California slouches towards ban on foie gras
By Joseph Perkins
Josiah Citrin, owner and chef at Melisse Santa Monica, hosted a special seven-course tasting last night at his Michelin award-winning restaurant. Each dish was prepared by celebrated chefs from around the state using foie gras as an ingredient.
The purpose of the culinary event was to call attention to a pending state law, scheduled to take effect July 1, which would ban the sale or use of the delicacy — made from duck or goose liver –throughout California.
“This is low hanging fruit,” said Chef Citrin. It’s “easy to go after the foie gras.”
Indeed, animal rights activists insist that the method used to produce foie gras, French for “fat liver,” is inhumane.

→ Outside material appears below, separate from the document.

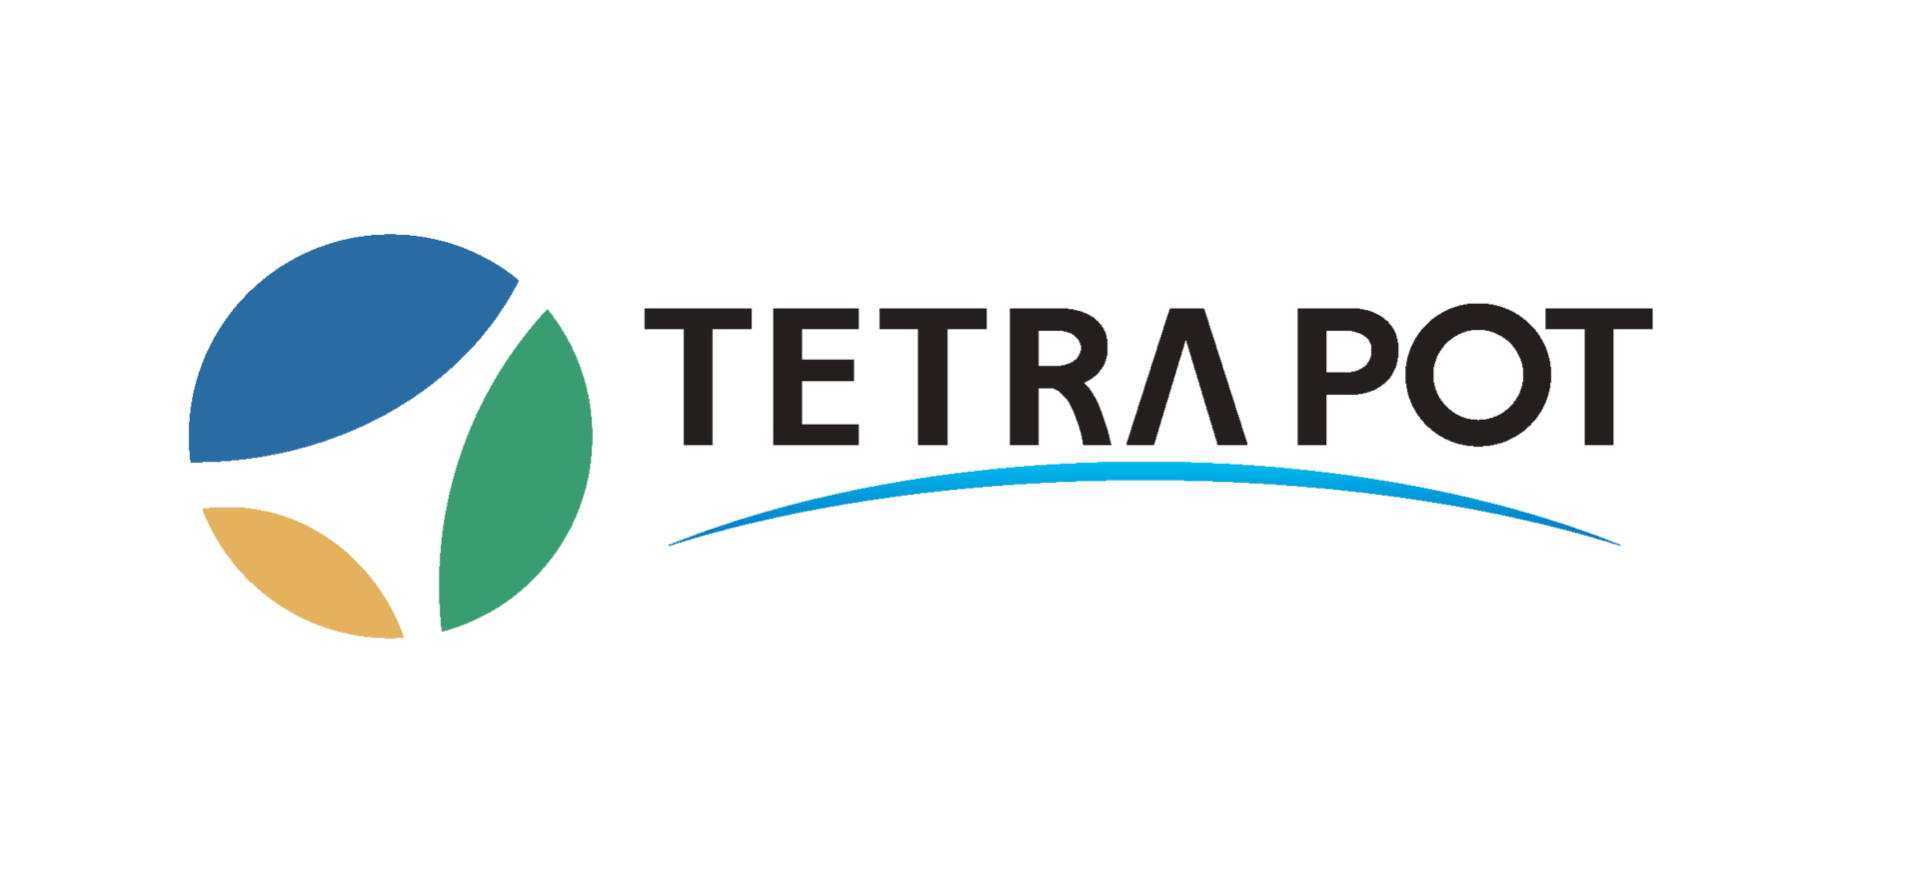 TETRAPOT株式会社

People for the Ethical Treatment of Pets claims that its secret investigation of Sonoma-Artisan Foie Gras, California’s last producer of the gourmet food item, found ducks “crammed a into filthy, feces ridden shed” as well as “barrels full of dead ducks who had choked to death or whose organs had ruptured during the traumatic forced-feeding process.”
So disturbed were PETA’s investigators that they decided to “rescue” 15 ducks.
Citrin says that he and other chefs endeavor to ensure that the food they serve in their restaurants is produced as humanely as possible.
“All the ingredients that I try to use, I really work hard to find humanely-raised animals by farmers who really care about it,” he said.
And so do other chefs around the state, he said, including those who participated in last night’s tasting at Melisse. They are members of an advocacy group, the Coalition for Humane and Ethical Farming Standards (CHEFS), which opposes the pending ban on foie gras.
Rather than outlaw foie gras, CHEFS argued, in a petition it recently delivered to Assembly Speaker John Perez, D-Los Angeles, the state should regulate its production.
That would include regular monitoring by animal-welfare authorities, raising geese and ducks in cage-free settings, hand-feeding birds by methods that don’t restrict breathing and limits on the fattening birds.
CHEF’s proposal has been summarily rejected by PETA and other animal-rights groups who insist on nothing short of an outright ban on foie gras. They note that the ban was approved by the Legislature in 2004, but that lawmakers gave Sonoma-Artisan Foie Gras, one of the nation’s largest producers of the delicacy, until this year to comply.
Opponents of the looming ban argue that it’s not just about foie gras, but about the very real prospect that a ban on one food over which special interest groups raise objections will lead to similar bans on other foods.
They note that some activist group or another has raised issues about the method used in production of not only foie gras, but practically every other food — meat as well as vegetable — that may be found on California restaurant menus.